With many things we try to do in Excel, there are usually multiple paths to the same outcome. Some paths are better than others depending on the situation. The same holds true for linear regression in Excel. There are three ways you can perform this analysis (without VBA). They are:
Each of these methods has an appropriate time and place. Let’s take a look at each one individually.
[Note: Want to learn even more about advanced Excel techniques? Watch my free training just for engineers. In the three-part video series I'll show you how to easily solve engineering challenges in Excel. Click here to get started.]

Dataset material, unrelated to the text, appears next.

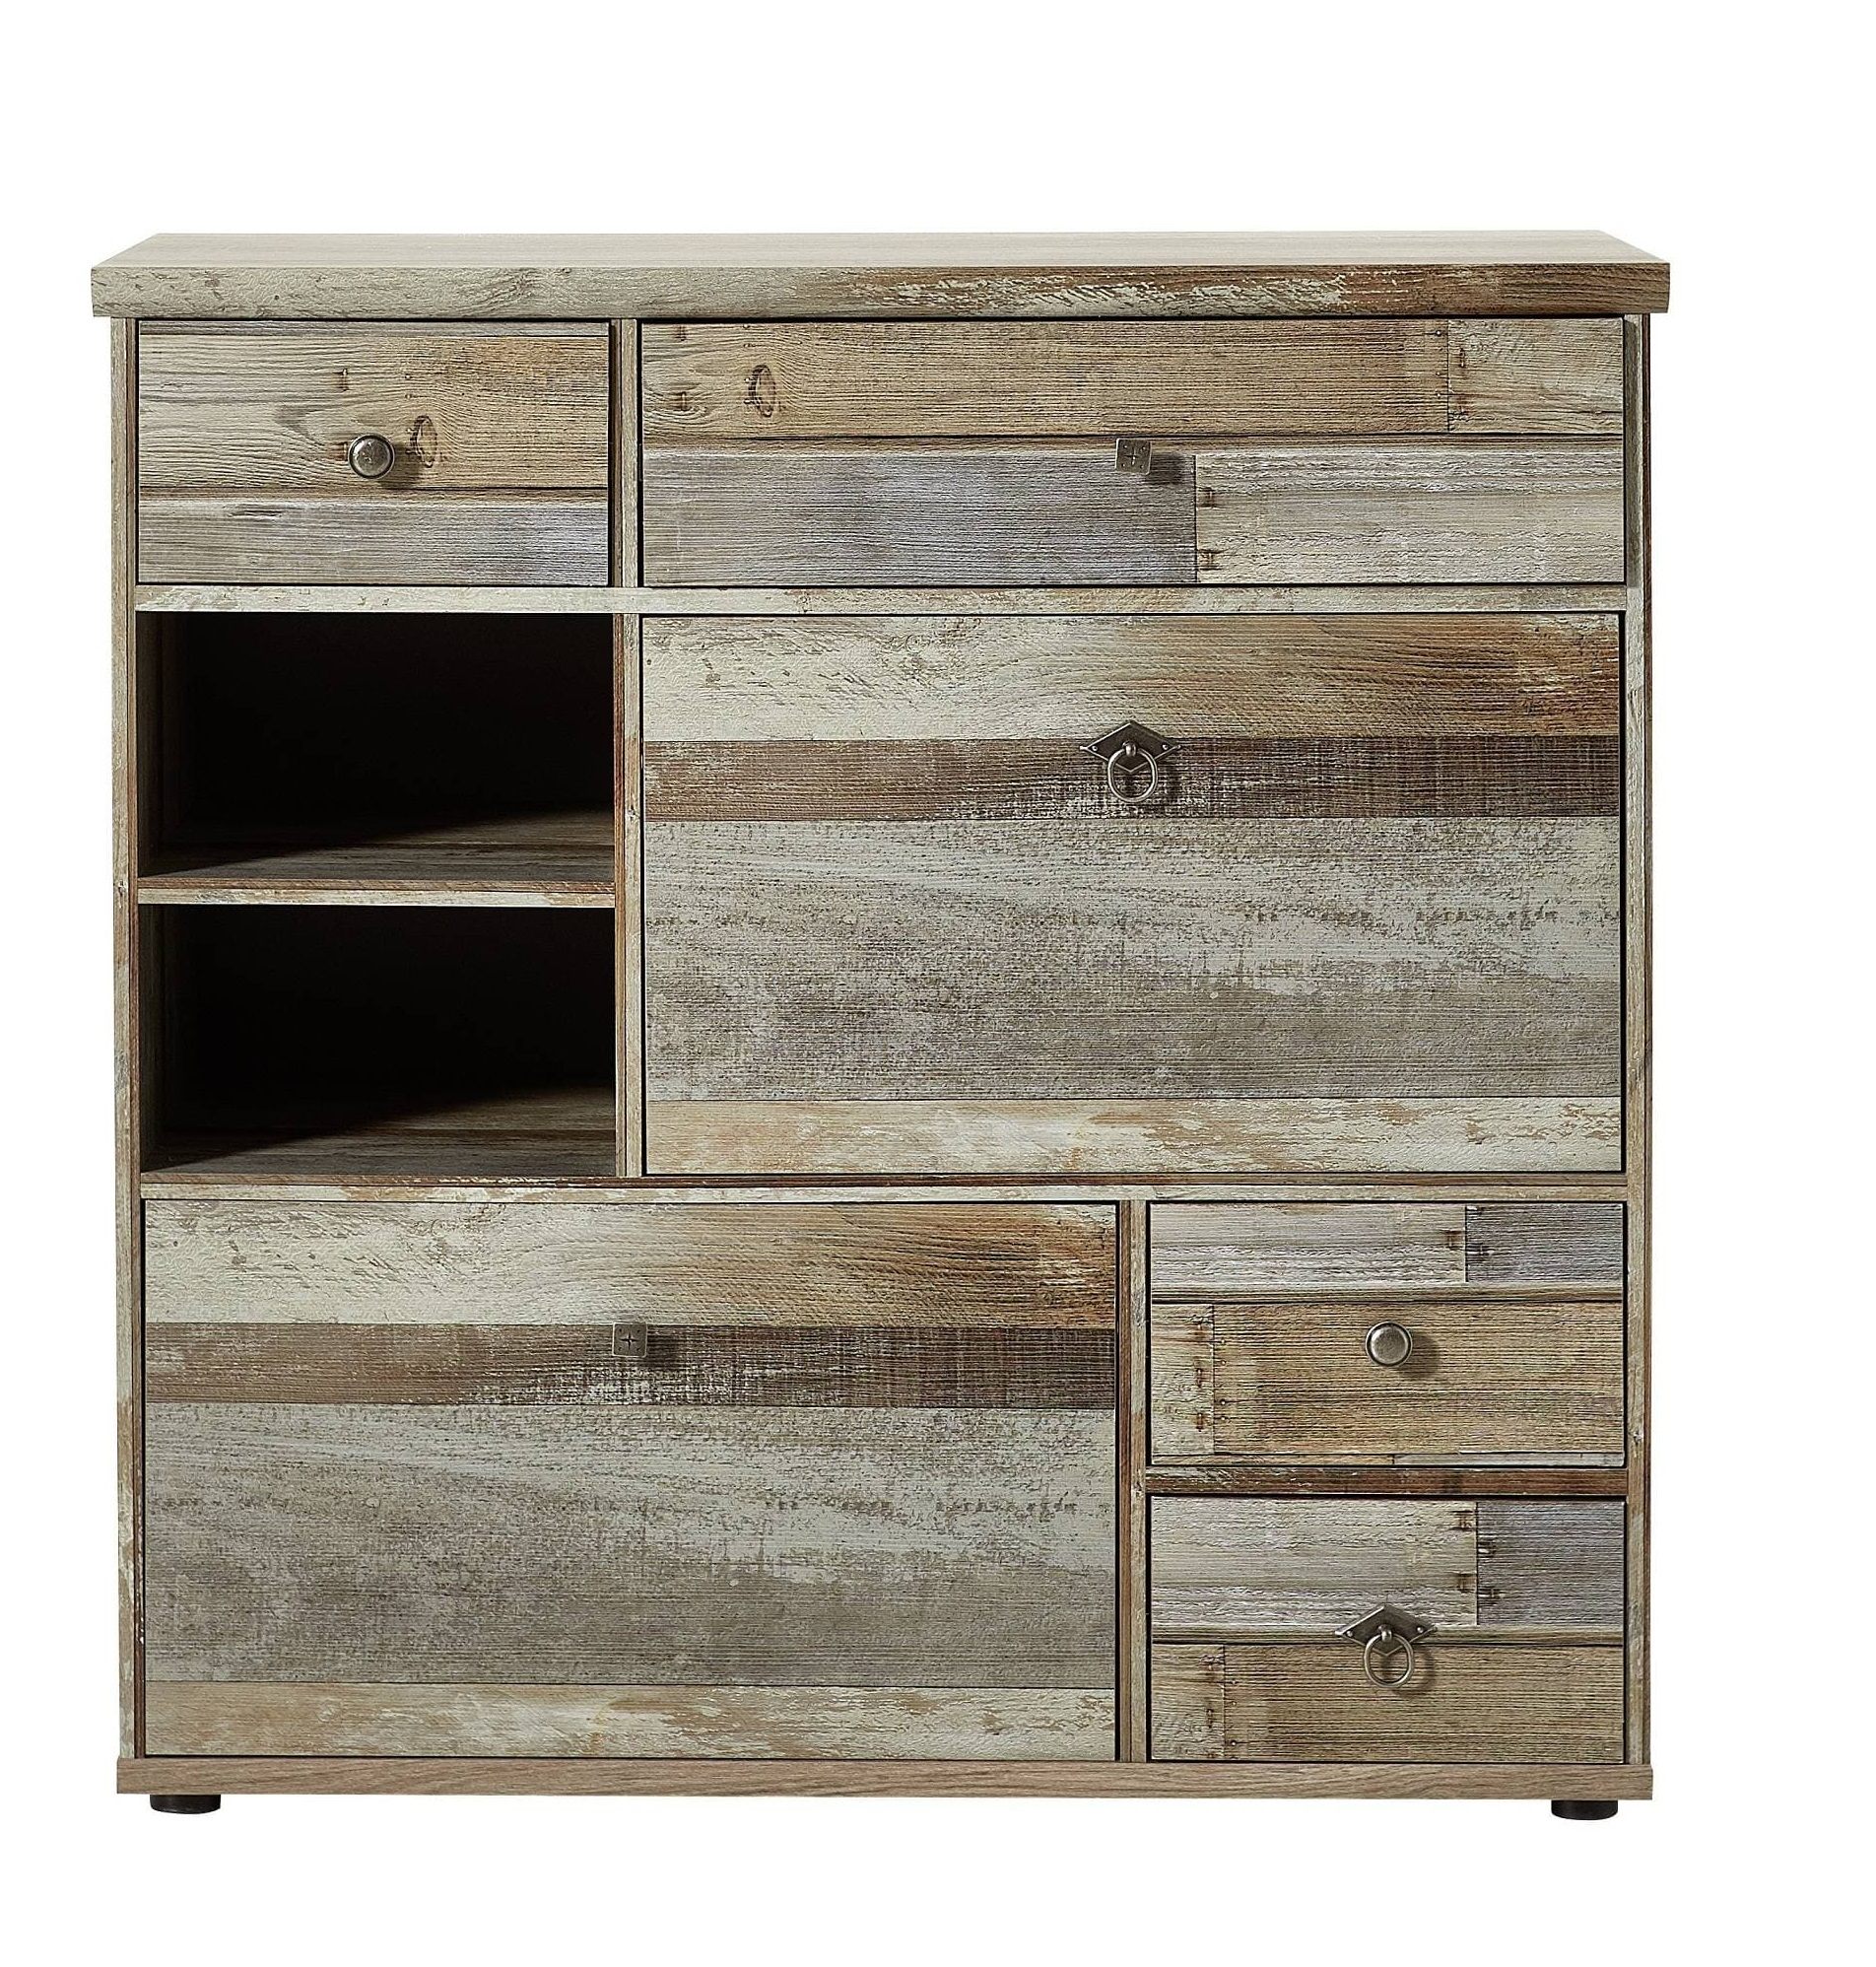 Cabinet hol din pal, cu 2 usi si 4 sertare Bazna Small Natur / Gri inchis, l99xA40xH98 cm somproduct.ro

Linear Regression with Excel Charts
When you need to get a quick and dirty linear equation fit to a set of data, the best way is to simply create an XY-chart (or “Scatter Chart”) and throw in a quick trendline. Add the equation to the trendline and you have everything you need. You can go from raw data to having the slope and intercept of a best-fit line in 6 clicks (in Excel 2016).
Let’s say we have the data set below, and we want to quickly determine the slope and y-intercept of a best-fit line through it.
We’d follow these 6 steps (in Excel 2016):
- Select x- and y- data
- Open Insert Tab
- Select Scatter Chart
- Right-Click Data Series
- Select Add Trendline
- Check Display Equation on Chart
Now we know that the data set shown above has a slope of 165.4 and a y-intercept of -79.85.
Linear Regression in Excel with the LINEST function
The method above is a quick way to fit a curve to a series of data, but it has a significant downfall. The equation displayed on the chart cannot be used anywhere else. It’s essentially “dumb” text.
If you want to use that equation anywhere in your spreadsheet, you have to manually enter it. However, if you change the data set used to obtain the equation, that equation you manually entered will not update, leaving your spreadsheet with an erroneous equation.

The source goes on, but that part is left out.